Material provided:
------------

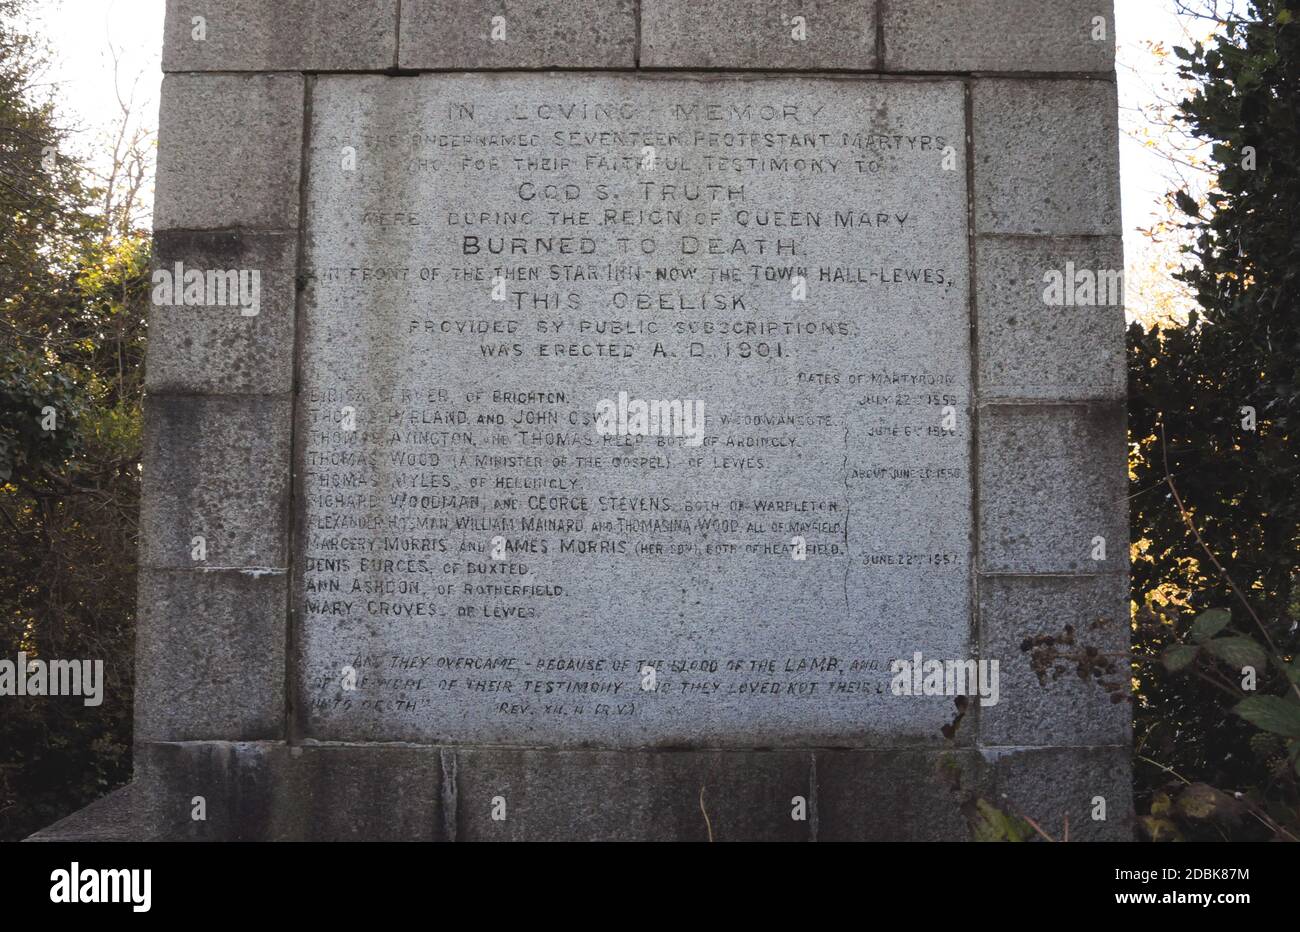 Il Memoriale dei Martiri si trova sulla collina di Cliffe, nella città di Lewes, nel Sussex orientale. Ricorda i 17 martiri protestanti bruciati a morte in città. Foto Stock
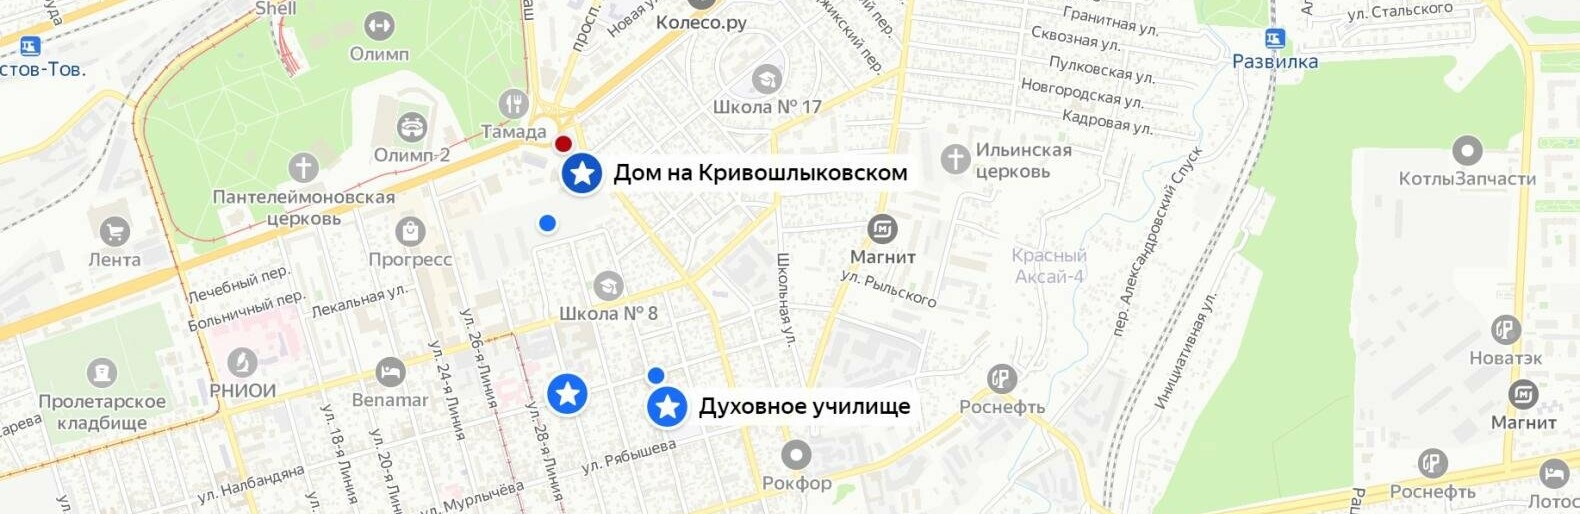 Ростовский дом на Кривошлыковском, 4 стал достопримечательностью в Яндекс Картах
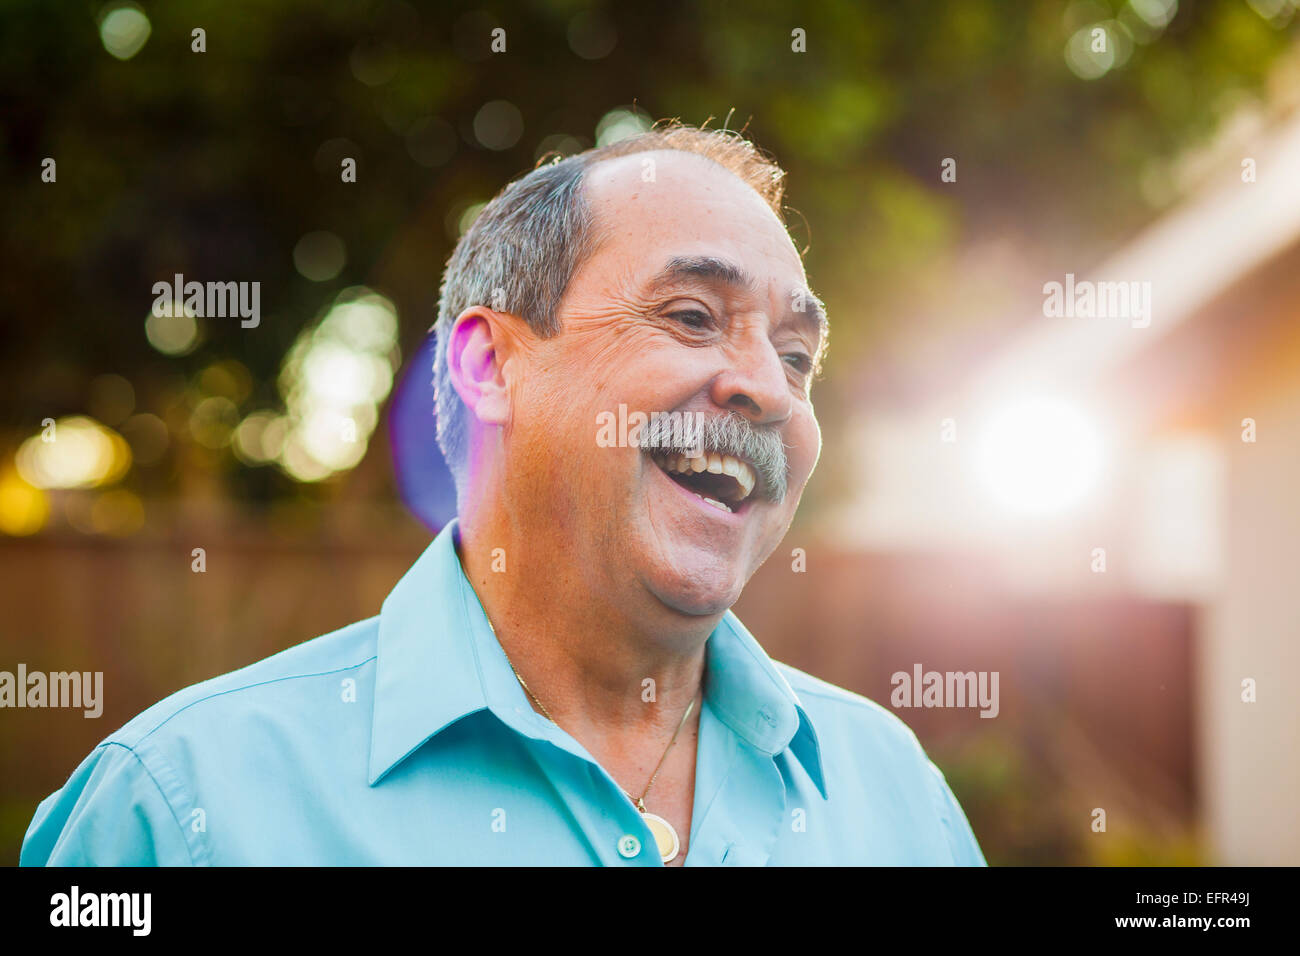 Porträt des älteren Menschen mit breiten Lächeln Stockfoto
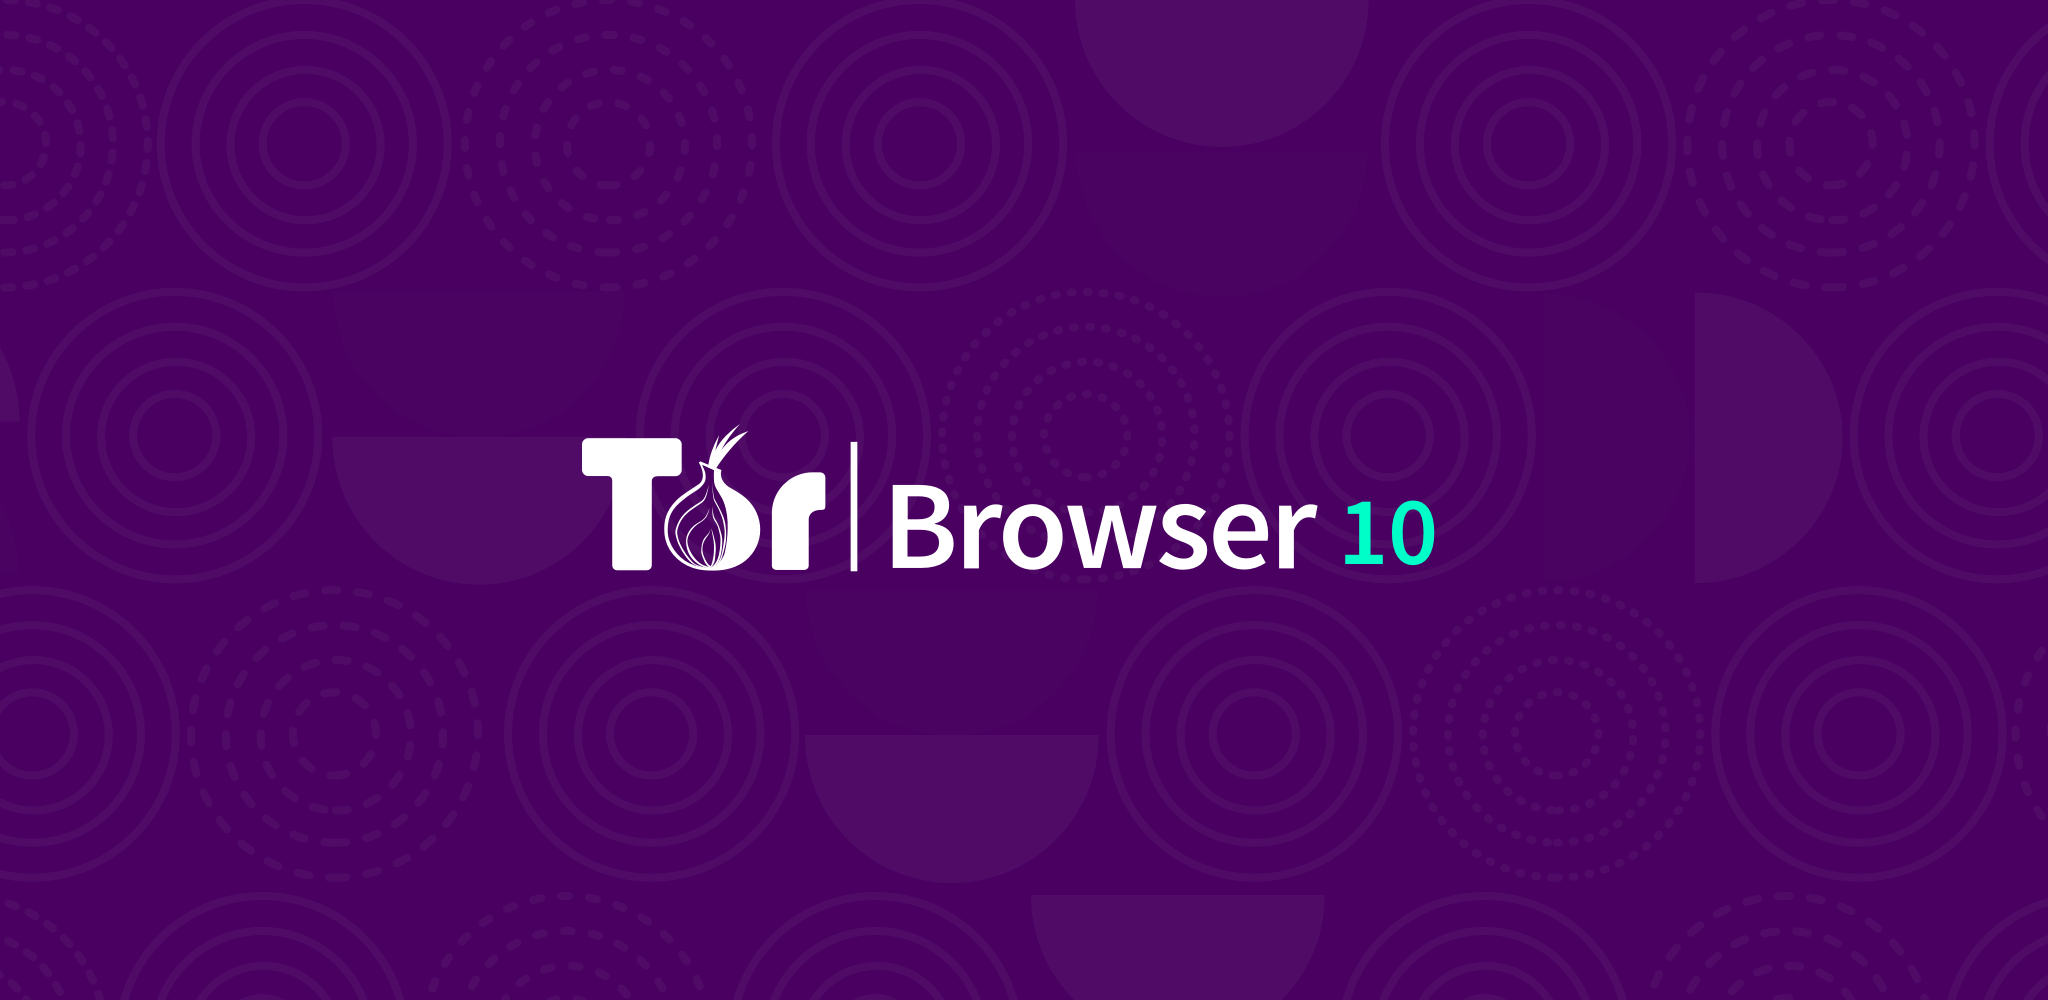 tor browser скачать новый hydra

------------

Directions: Please write out, exactly, every line from the line with "Ростовский дом на" through the final line of the data above, leaving out pictures.

Your solution:
 Ростовский дом на Кривошлыковском, 4 стал достопримечательностью в Яндекс Картах
 Porträt des älteren Menschen mit breiten Lächeln Stockfoto
 tor browser скачать новый hydra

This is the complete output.